Our findings suggest that when people cover a large part of their face with a hygienic face mask, they appear to have more favourable characteristics (i.e., more honest, more cooperative) compared to when their whole face is visible. This finding parallels previous reports, suggesting that wearing a face mask has a positive effect on perceived trustworthiness of others32,33 and that masked faces appear younger, more attractive, and more approachable than unmasked faces34. Further analyses of the present results revealed that the mask-induced increase in favourable characteristics can be partly ascribed to the fact that the faces appeared to be more attractive when wearing a mask. This again is in line with a growing number of recent studies reporting perceptions of increased attractiveness in masked faces27,30,31. Overall, the incidental impact of face masks on facial attractiveness can contribute to a more favourable perception of an individual's face, which in turn serves as a halo52 for other favourable characteristics, such as honesty and cooperativeness.

While our results clearly demonstrate that individuals wearing masks are perceived as more honest and cooperative, we can only speculate about the underlying mechanisms at play. Possibly, people wearing face masks appear more favourable, because wearing a mask can be seen a prosocial act (e.g., protecting other people in the vicinity from contagion). Alternatively, wearing a face mask might generally increase ambiguity, which then leads to an uncertainty bias when encountering a person wearing a mask. As a result, this bias may prompt people to give higher ratings to faces with masks. Whether people wearing face masks generally appear more favourable or whether the higher ratings are a result of an uncertainty bias will have to be ascertained in future studies.

Our findings suggest that the apparent prosocial characteristic inferred from a face does not correspond to the “true” characteristic of the person. The idea that humans can reliably and accurately identify socially relevant traits solely from visible cues in the face has occupied mankind since time immemorial. While such an ability seems beguiling and arguably would lead to evolutionary and adaptive benefits, we find no evidence for the skill to accurately discern people’s prosocial characteristics from their faces. Yet, regardless of the defective propensity to infer trait-like characteristics from faces, we all seem to do this with great ease and without evil intent. It seems that we overestimate our abilities and, paradoxically, draw the wrong conclusions. In order to assess our counterparts as quickly as possible, we try to interpret visual cues and generalise subjective experiences. The information gained can help to assess the immediate behaviour and intentions of the counterpart, but, as we demonstrate here, it does not serve as a direct source of information about a person's prosocial traits (cf.53).

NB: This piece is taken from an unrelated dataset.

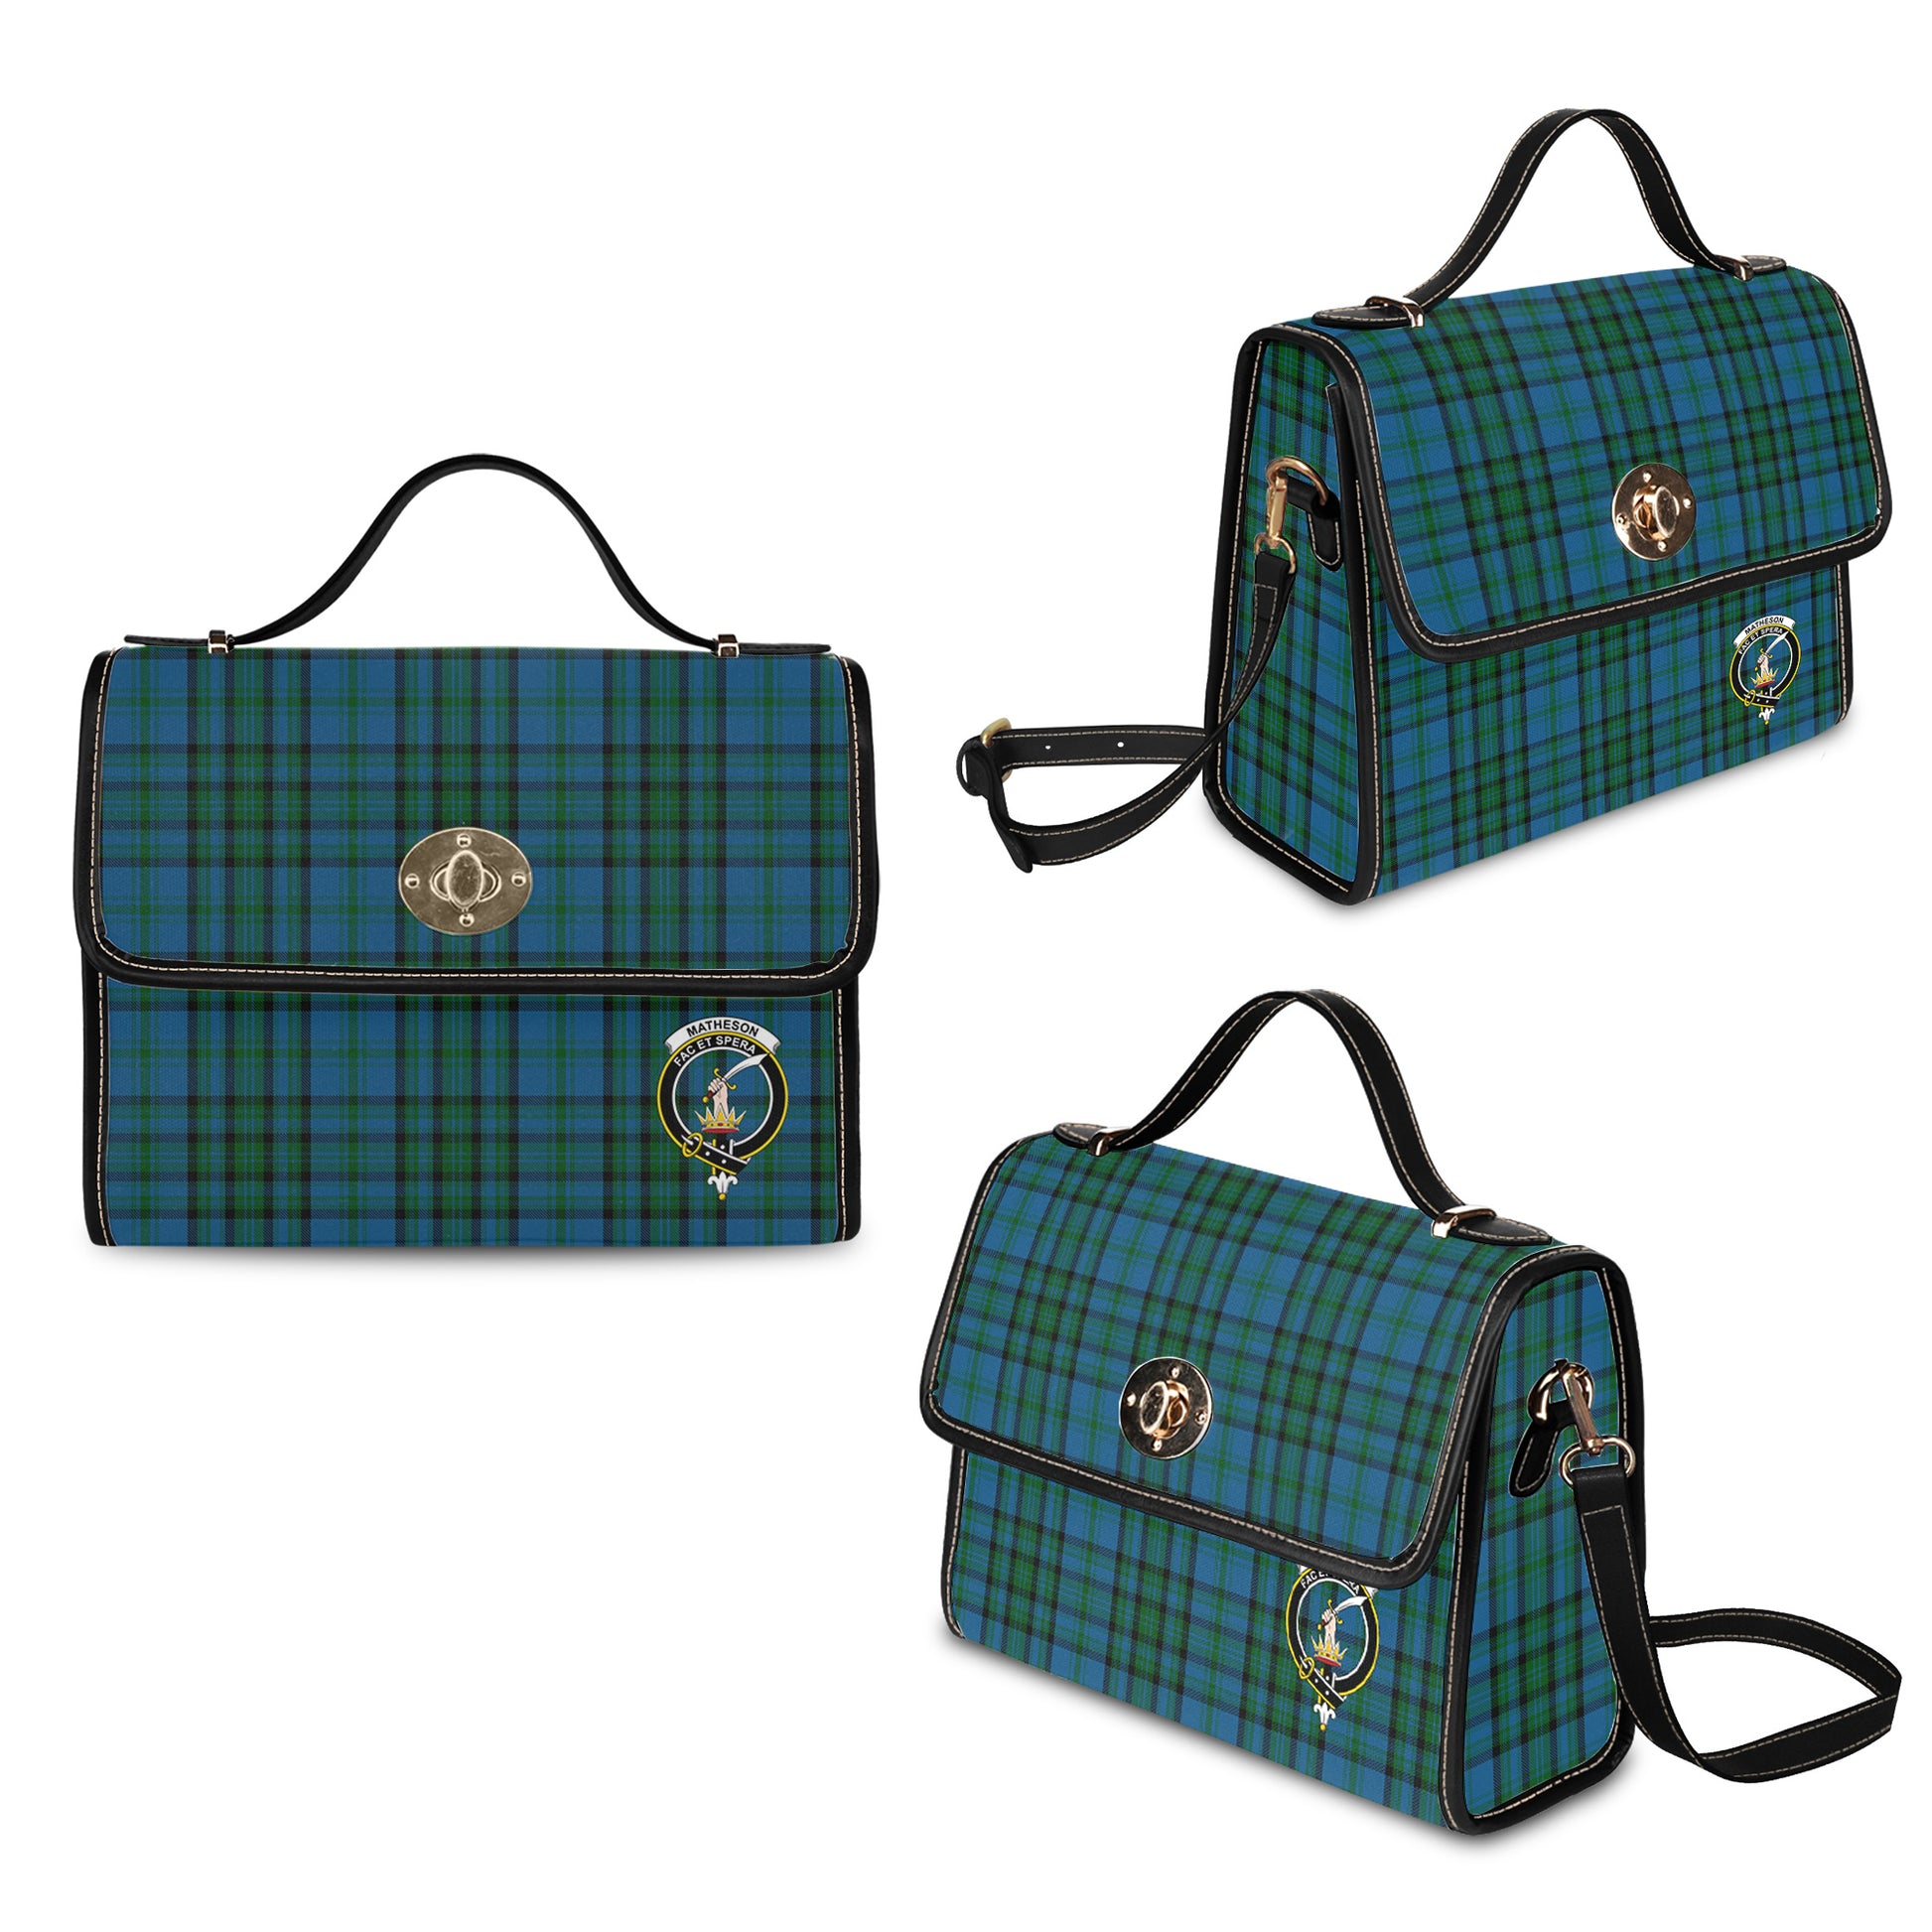 matheson-hunting-tartan-leather-strap-waterproof-canvas-bag-with-family-crest

We note that the present study was conducted during a time after the peak of the global COVID-19 pandemic, when face masks were still common-place but no longer mandatory. Undoubtedly, the social meaning of wearing a face mask had changed with the pandemic. Our results should therefore be interpreted in the context of the COVID-19 pandemic, during which mask-wearing was strongly recommended as a safety-measure to reduce the spread of the disease. We cannot be sure that the same results would have occurred, had we conducted the study in a time that is more distant to the COVID-19 outbreak.

Taken together, we found that wearing a face mask significantly increases apparent cooperativeness and honesty of a person. This might be explained by the fact that masked faces appear to be more attractive than unmasked faces, and that this increase in apparent attractiveness serves as a halo for other trait attributions. Importantly however, we found no evidence that these trait inferences are actually reliable, neither when the target person is wearing a mask nor when their face is fully visible. These findings have important implications for social interactions, particularly in contexts where nonverbal communication is essential, such as in healthcare settings, job interviews, and social gatherings. By realising that face masks positively affect inferences of cooperativeness and honesty, we may be better equipped to navigate social interactions in the context of future pandemics.